Я не спеша спустился во двор, и здесь, среди стона, идущего от плотины, как с родным человеком, попрощался с Маратом. Он только пришел с плотины и вместе с Альвиной, душевно беседуя, поднимался на второй этаж.
— Видно, уезжаете, — сказал Марат, протягивая мне руку.
— Да, — ответил я, крепко пожимая его руку. — Уезжаю.
— Ну, тогда удачи вам, — сказал он улыбаясь.
— Я также желаю вам удачи, — глубокомысленно сказал я, радуясь, что увидел их вместе.
Альвина бросила на меня признательный взгляд и сразу посмотрела на Марата.
— Спасибо, — будто от имени обоих сказал Марат и умиленно посмотрел на Альвину. Девушка, покраснев, быстро отвела взгляд, а Марат, словно опомнившись, добавил: — Подождите, я сейчас скажу Меружану, он отвезет вас до остановки.
— Нет, Марат джан, спасибо, — отказался я. — Времени достаточно, пешком пойду. — И, выйдя во двор, направился к автобусной остановке.
Удивительно: проживая где-то, хоть и короткое время, человек испытывает странное чувство — вернется ли он снова туда или это в последний раз? На миг останавливаюсь, смотрю на окруженные высокими горами и лесами рабочий поселок и ущелье, которое в этот момент похоже на огромную чашу, наполненную солнцем.

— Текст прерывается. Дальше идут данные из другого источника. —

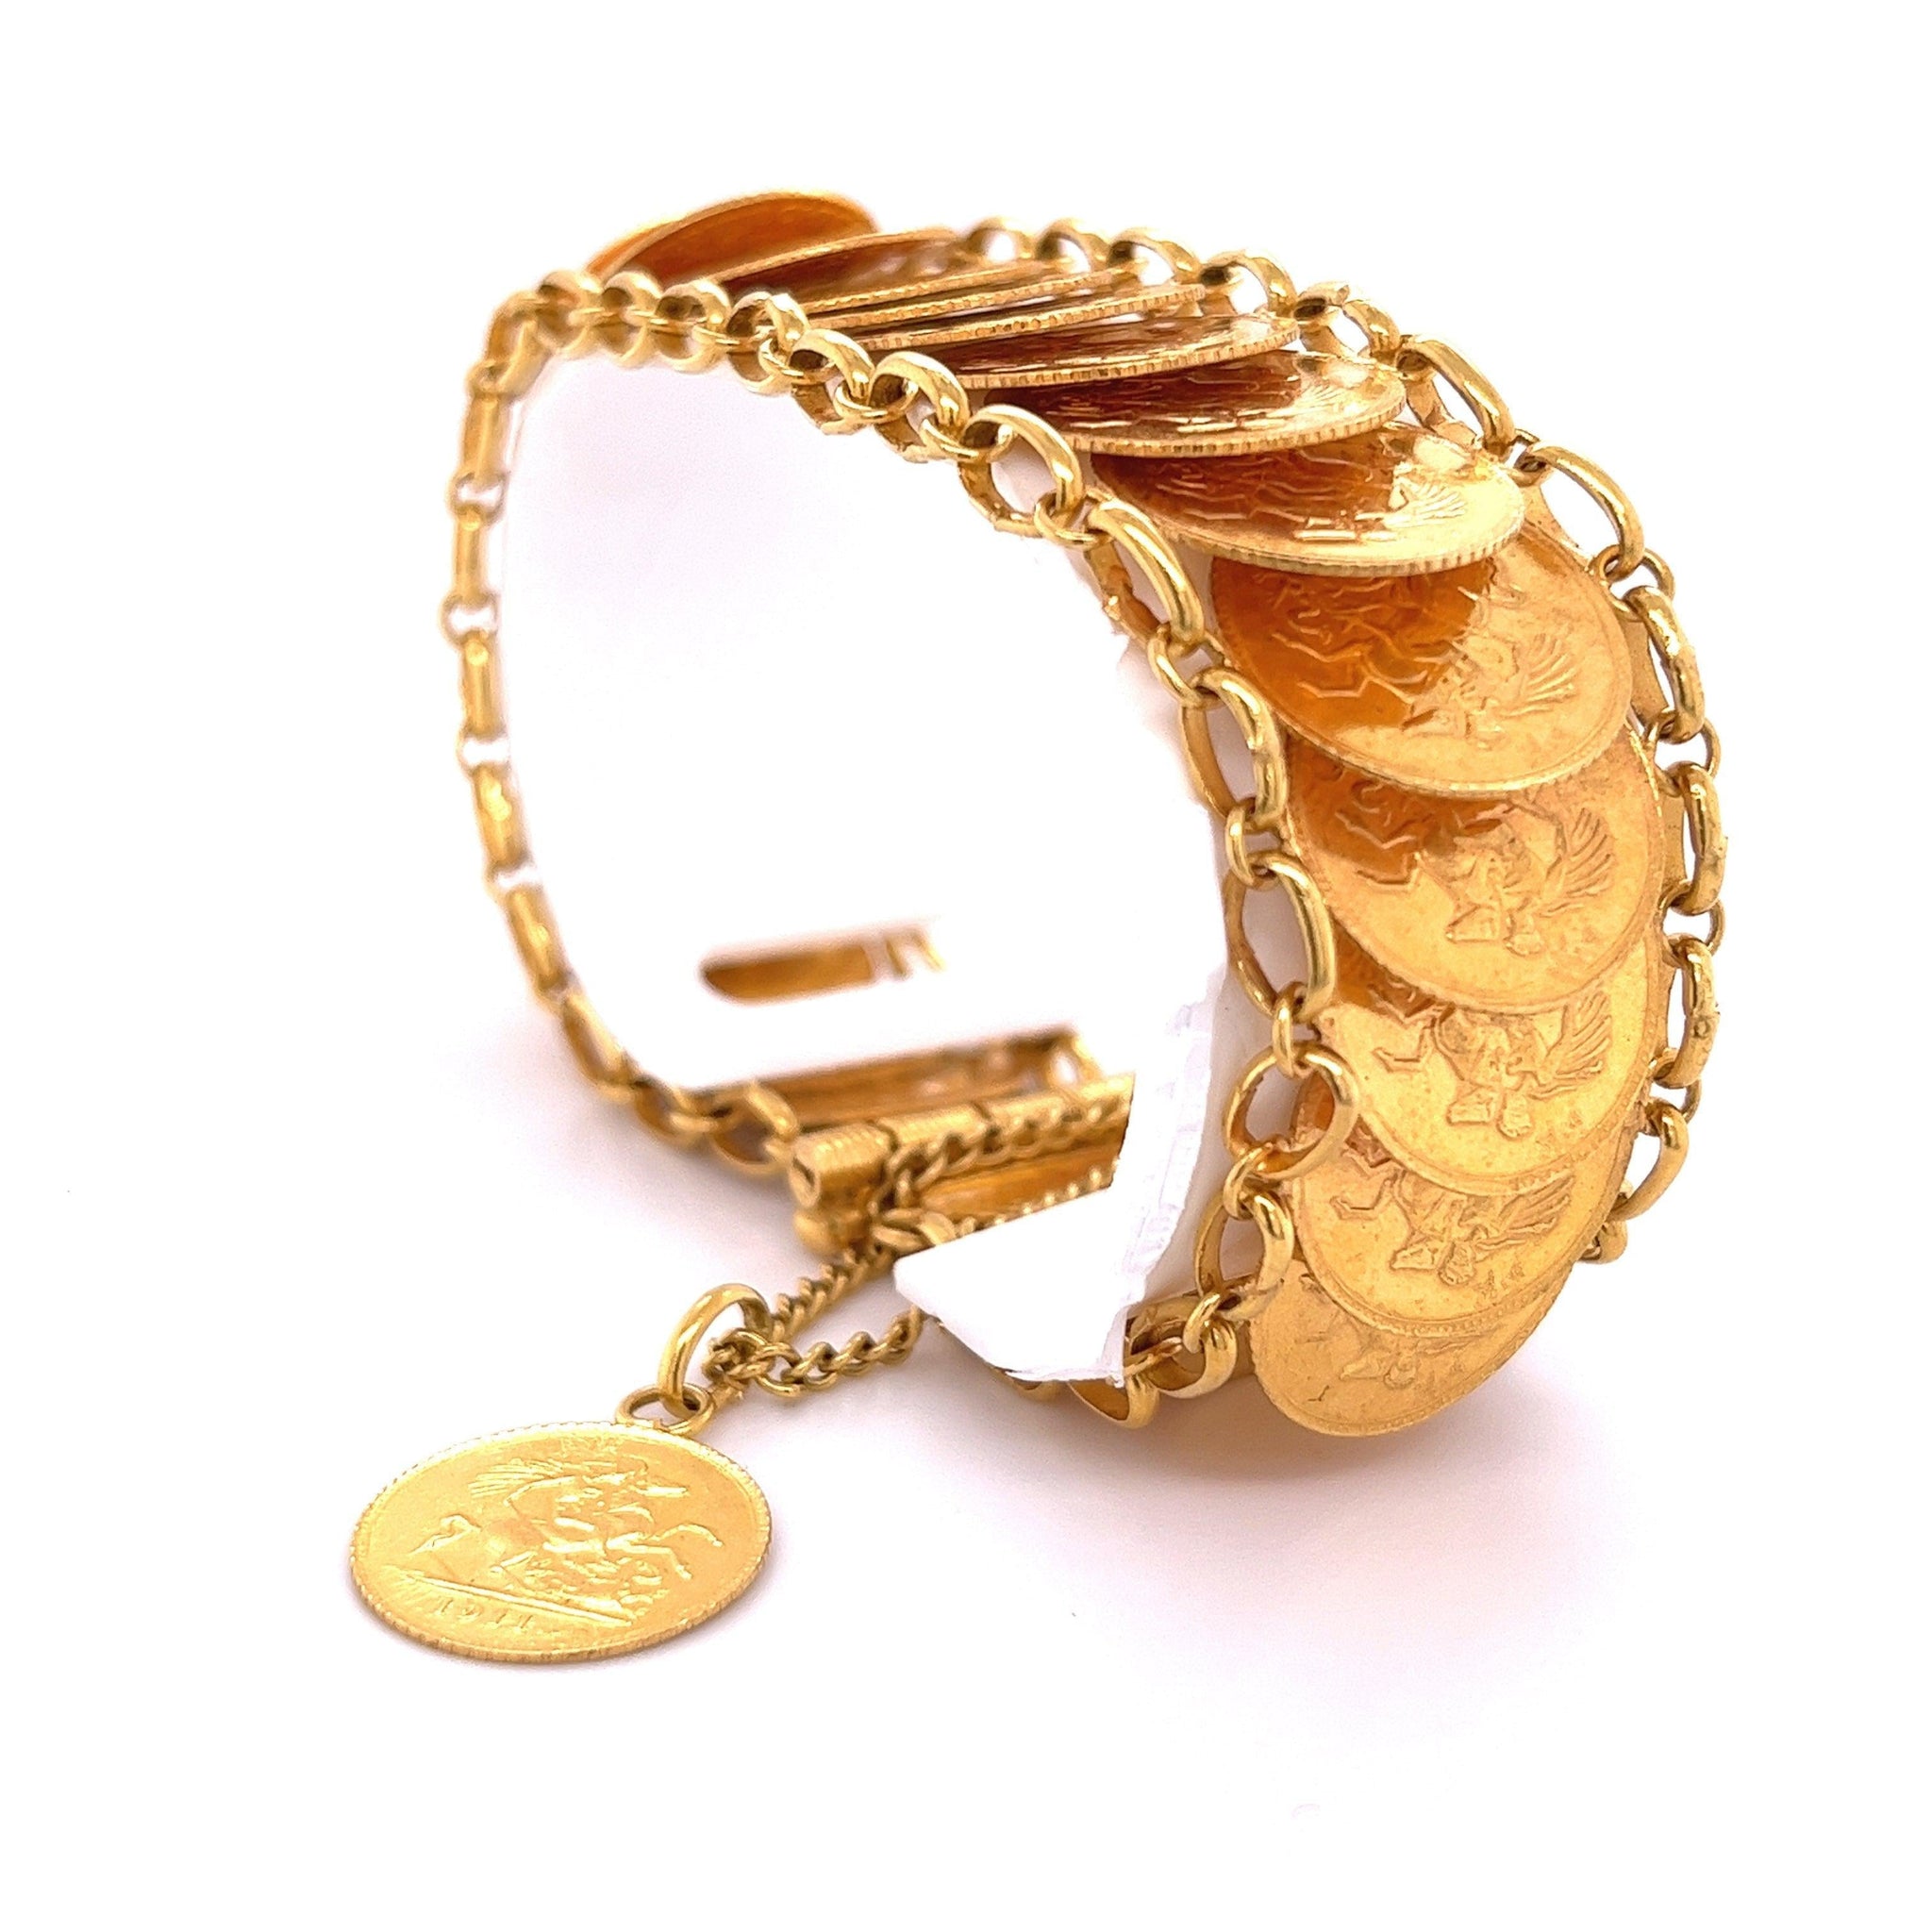 1911 King George V British Royal Mint Gold Coin Bracelet in 22k Gold | Replica-Bracelets-ASSAY
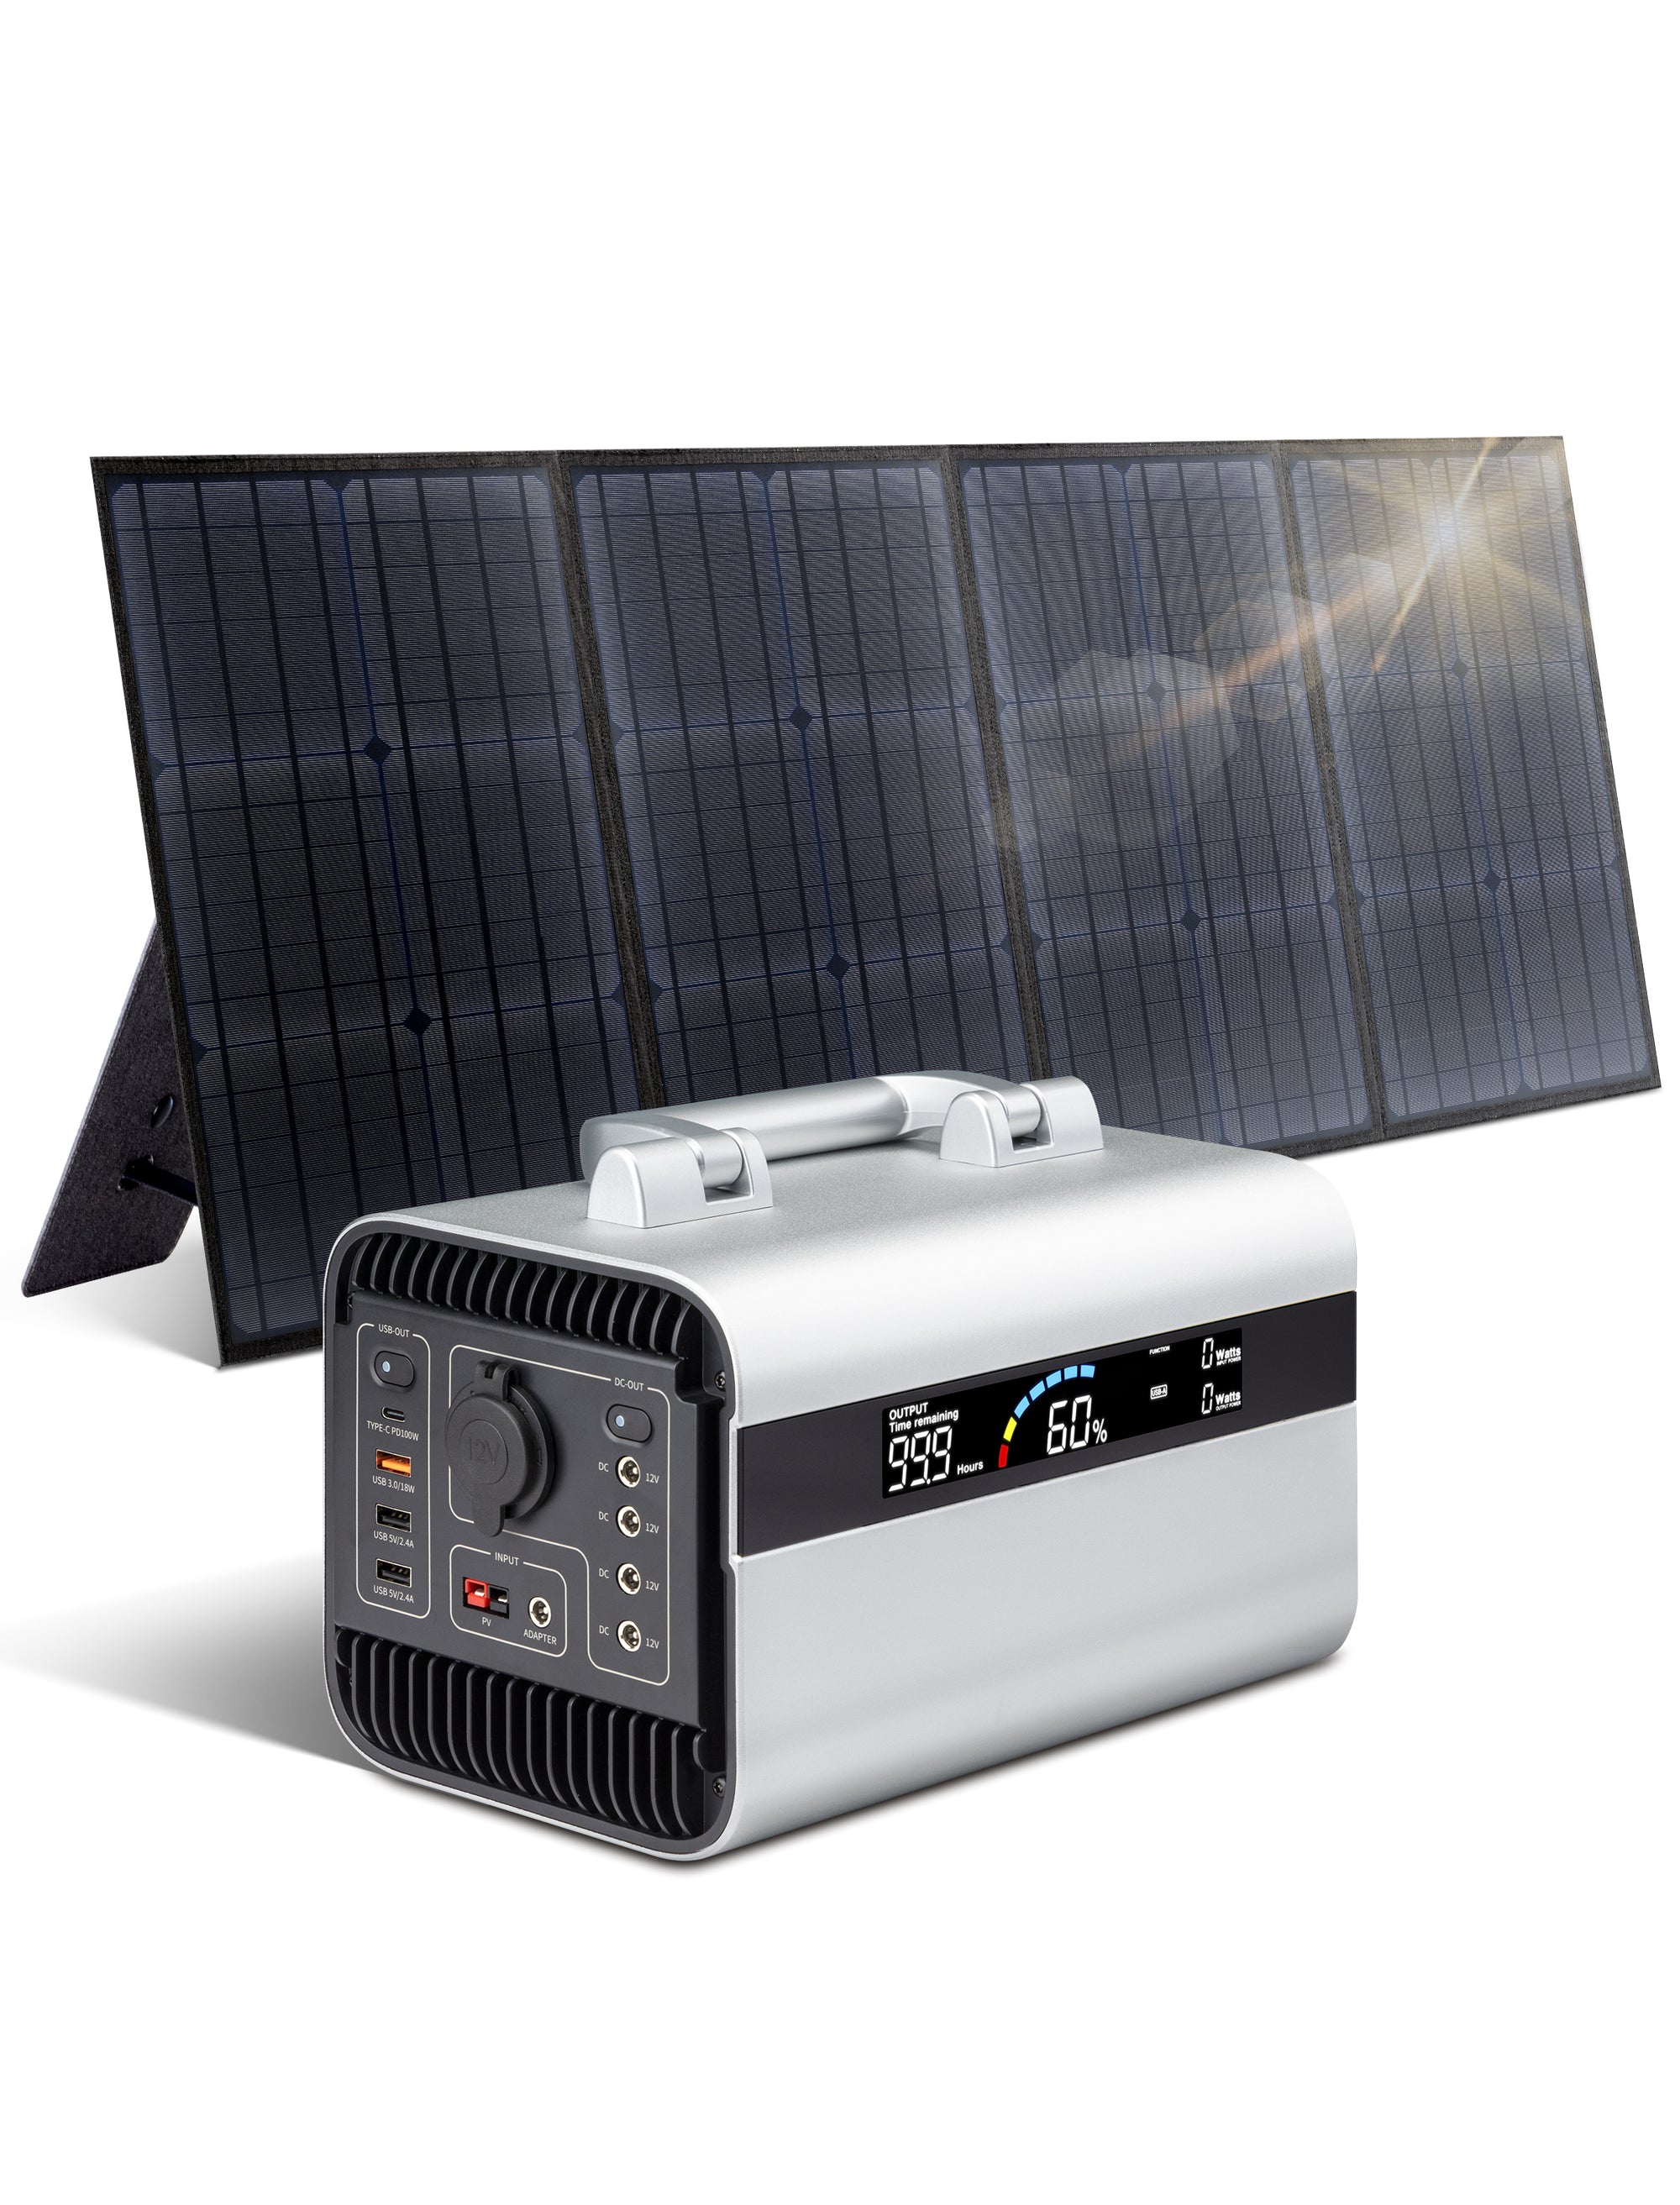 محطة طاقة محمولة بقوة 600 واط مع مولد شمسي بقوة 100 واط مع لوحات شمسية للتخييم في الهواء الطلق، والرحلات القصيرة، وانقطاع التيار الكهربائي

Я поворачиваюсь, иду к остановке автобуса и здесь по пути неожиданно встречаю Венеру.
— Доброе утро, — сдержанно произносит она и отчего-то краснеет. У нее в руках изношенная авоська, в которой две пустые бутылки из-под кефира. Венера пытается спрятать авоську за спиной.
— Здравствуй, Венера. Утром ты так рано ушла, что я даже не успел увидеть тебя.
— Да, мне надо было кое-куда пойти… боялась, не успею… — говорит она, но тут же меняет тему разговора: — Портфель тоже взял. Наверное, уезжаешь?
— Да.
— Пойдем, я тебя провожу.
Медленно подходим к остановке, садимся на длинную скамью, расположенную под выступом утеса. Автобус, направляющийся из верхних деревень к районному центру, останавливается здесь.
Смотрю на часы. Есть еще сорок минут.
— Ты, наверное, шла в магазин? — указывая взглядом на авоську с пустыми бутылками, говорю я.
Она снова почему-то краснеет и отводит взгляд.
— Нет, я… Я отнесла ему поесть.
Вон оно что… Ведь только вечером она сказала, что муж ее сидит.
— Спартаку? Но ты ведь сказала, что он отсюда очень далеко, в Республике Коми?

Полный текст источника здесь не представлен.